In 2019, I read and was inspired by the structural efficiencies and improvements described in Don Dusenberry’s editorial in this publication titled “Performance-Based Design Is the Future.” Here we are, seven years later, and that future is now.
Performance-based design (PBD) is more relevant and critical today than it has ever been. This is evidenced by the Structural Engineering Institute’s (SEI’s) recent decision to establish PBD as one of four new “Focus Initiatives” (alongside Education and Leadership, Young Professionals, and SE 2050) to help prioritize resources and activities for the immediate future. SEI selected PBD as a Focus Initiative because of its proven ability to improve design, reduce material quantities, and streamline construction offering a solution for some of the most significant challenges society faces related to sustainability, cost of construction, and affordable housing.
What Has Transpired?
Since 2019, PBD has increased in popularity and impact. From its origin with design firms on the west coast of the United States in the 1990s as a way to design better structures in seismic zones, performance-based seismic design (PBSD) has expanded around the world. Because it is recognized as state-of-the-art design methodology, it is even being employed in areas of low or moderate seismic hazard. In many cities, PBD is no longer considered an exotic design approach, but rather the standard of care for tall or unique buildings.
The expansion of PBD principles to other hazards beyond earthquakes has also gained traction. With the publication of ASCE’s Prestandard for Performance-Based Wind Design (PBWD) in 2019, and an updated version in 2023, the first project designed and built using PBWD principles was recently completed: ATX Tower in Austin, Texas. Due to the direct consideration of nonlinear structural behavior, the design resulted in significant cost savings for the project as compared to prescriptive design.
Creativity Shines
Prescriptive code-based design has its advantages and disadvantages. Its advantages include simplicity, uniformity, broad applicability, and ease of implementation; however, those advantages come with inherent drawbacks. Because prescriptive design must be capable of being written down in “mandatory language” in a building code, it is necessarily limited. It cannot address all cases and therefore must be a simplification and approximation of reality.
On the other hand, PBD flips the narrative. Rather than defining a precise step-by-step process, it creates a framework. This framework puts the end first, starting with defining the intended performance objectives for a given hazard (e.g. collapse prevention or reoccupancy) and works backwards from there. By reframing the problem in this way, it allows and even encourages structural engineers to get creative. PBD creates the opportunity for structural engineers to do the following:
- Extend prescriptive structural systems beyond their rigid code limitations. A common example is the Special Reinforced Concrete Shear Wall system, which for earthquake design is limited to 160 feet (or 240 feet with certain regularity requirements) for most high seismic sites. PBSD has been used on hundreds of tall buildings to demonstrate that the structures performed as intended by the building code without conforming to every prescriptive requirement.

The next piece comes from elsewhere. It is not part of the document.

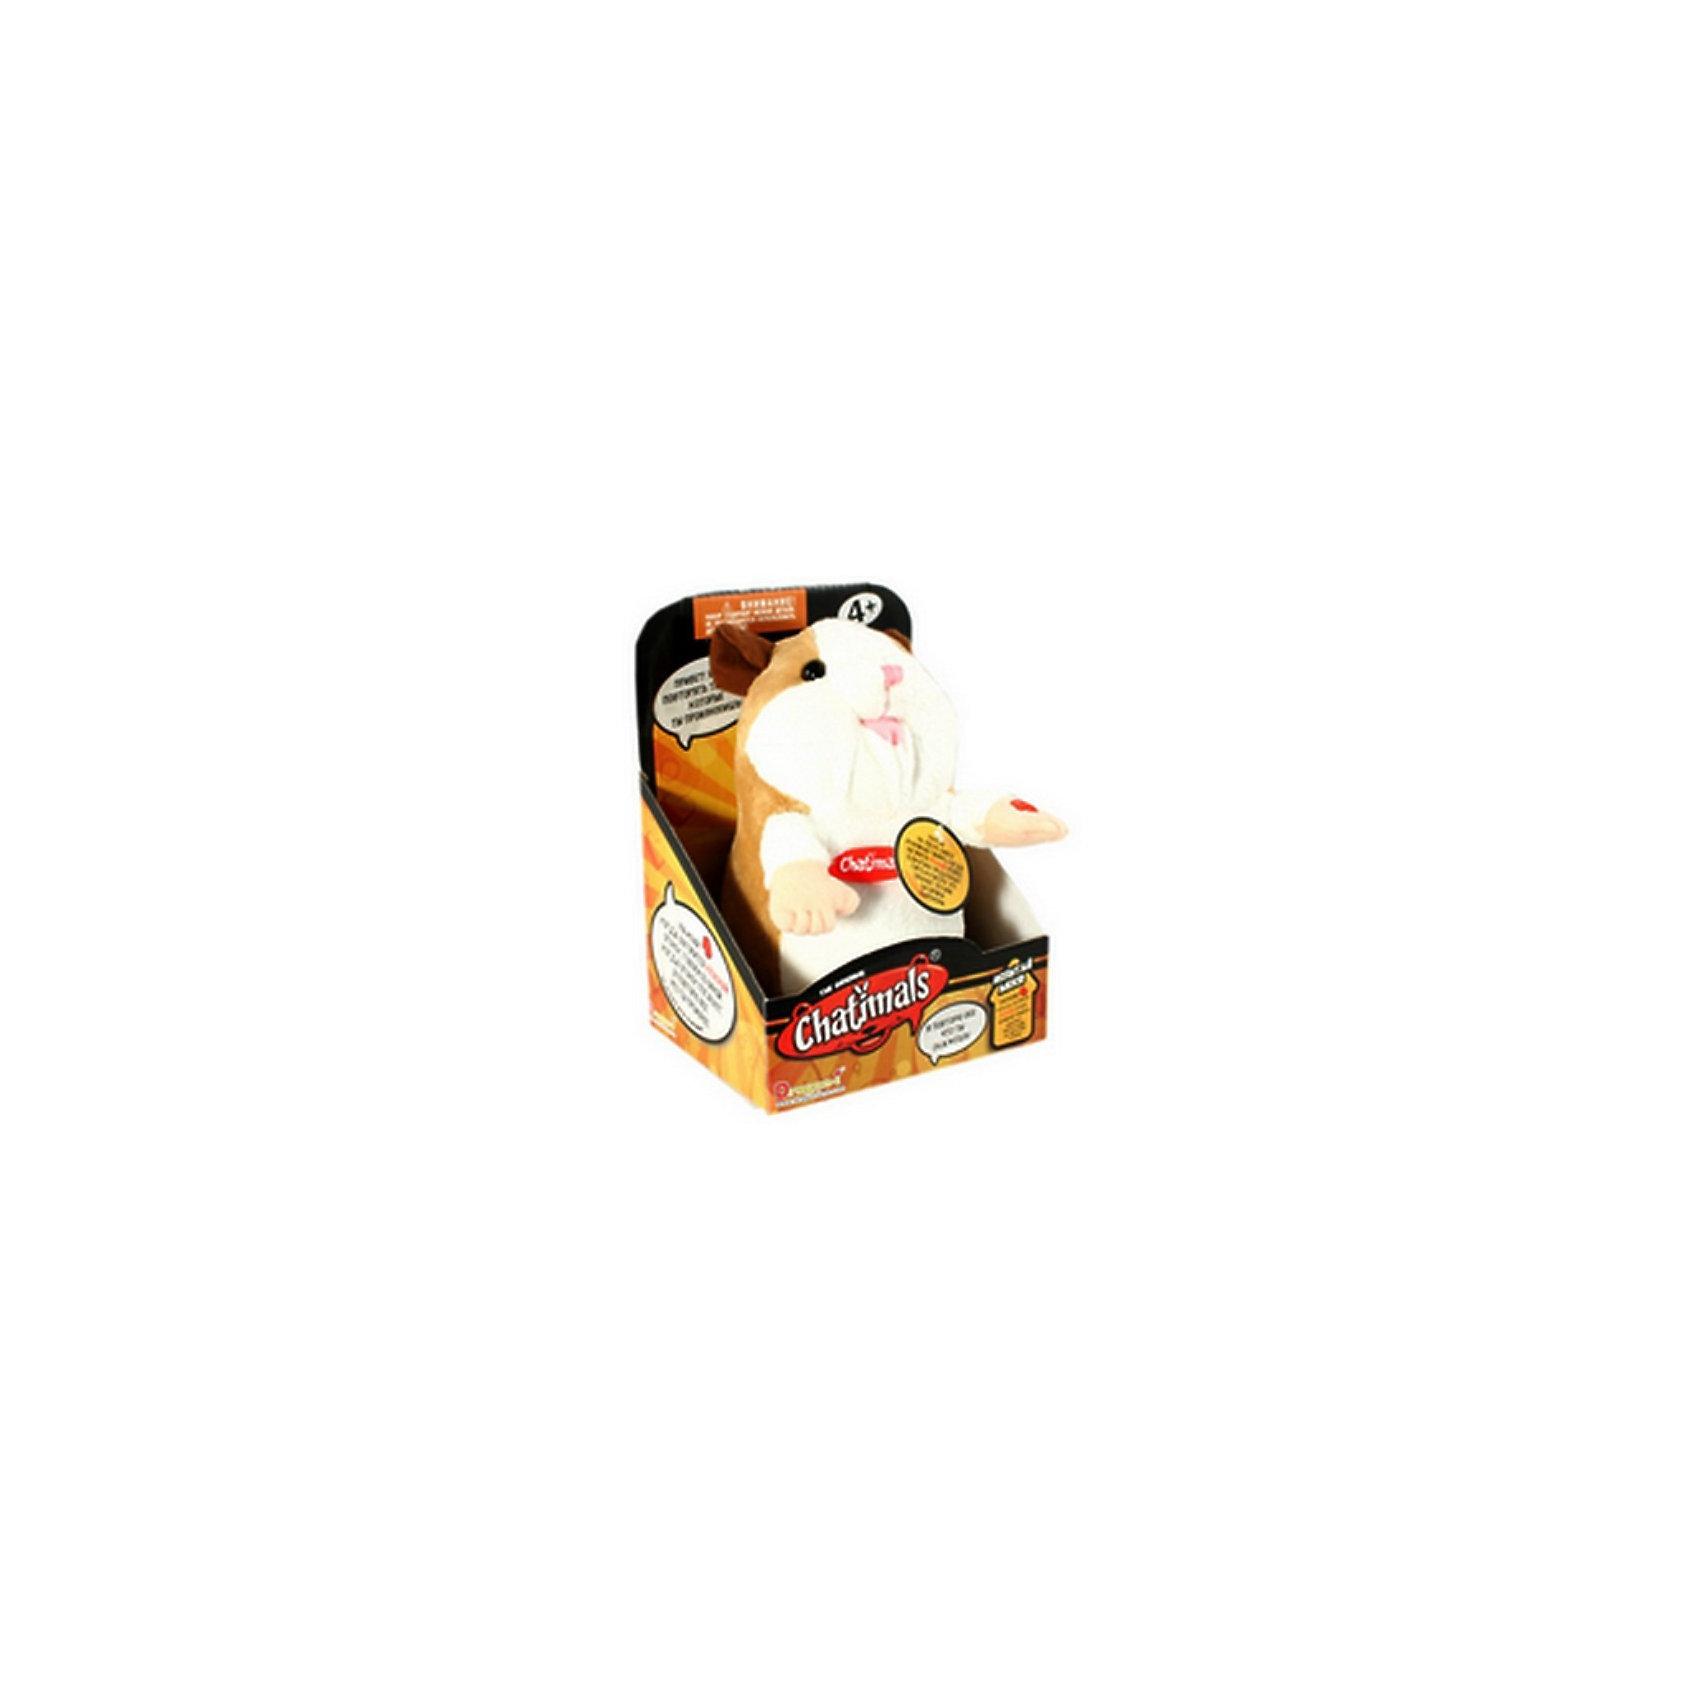 Dragon Интерактивный хомяк (Бело-коричневый) - Веселые повторюшки Чатималс

- Introduce new structural systems. Opportunities for innovation abound with PBD, which creates a framework to introduce new systems or construction techniques like SpeedCore into the industry.
- Enhanced performance targets. PBD provides a detailed and comprehensive understanding of the performance of engineering designs. With input from stakeholders (e.g. architects, owners, and the public), this allows us to set enhanced performance targets that may exceed the building code. This is a common discussion with “long term” building owners such as universities, hospitals, and government agencies who may desire structural performance better than “code minimum.”
Shift in Mindset
PBD is sometimes misunderstood as a synonym for “advanced analysis” or “nonlinear modeling.” While PBD may include advanced design techniques as part of the process, those techniques are merely tools rather than being fundamental.
A mindset shift is needed within the profession to embrace probabilistic thinking and move beyond binary pass/fail design approaches. Instead, we must arm our clients with information to make risk-informed decisions. PBD can be best summarized as a shift in focus from compliance to intent. In other words, rather than ticking boxes within a checklist of building code requirements, engineers should aim to explicitly prove that a design achieves the intent of the building code.
Let’s Be Leaders
As Dusenberry succinctly warned in his 2019 editorial, “We are evolving into masters of the Code, who add value by being able to navigate the complexity of prescriptive provisions rapidly, rather than by developing creative and innovative solutions to multi-faceted problems.” This is a danger collectively to our profession, made much more critical by the advent of Artificial Intelligence, which will inevitably soon surpass structural engineers with ability to instantly recall every aspect of the building code and perform basic engineering tasks.
PBD presents an opportunity to bring increased value to society as thought leaders rather than facilitators. Engineers are key to solving many of the industry’s biggest challenges by reducing project cost, building structures faster, and tailoring performance objectives to client needs. As structural engineers, we must embrace this opportunity for leadership, not only because it is what is best for society, but it is also what is best for our profession. ■
About the Author
Kevin Aswegan, PE, SE, is a Senior Principal at Magnusson Klemencic Associates, a structural and civil engineering firm headquartered in Seattle. Kevin serves as the Chair of the SEI Advancement of Performance-Based Design Committee.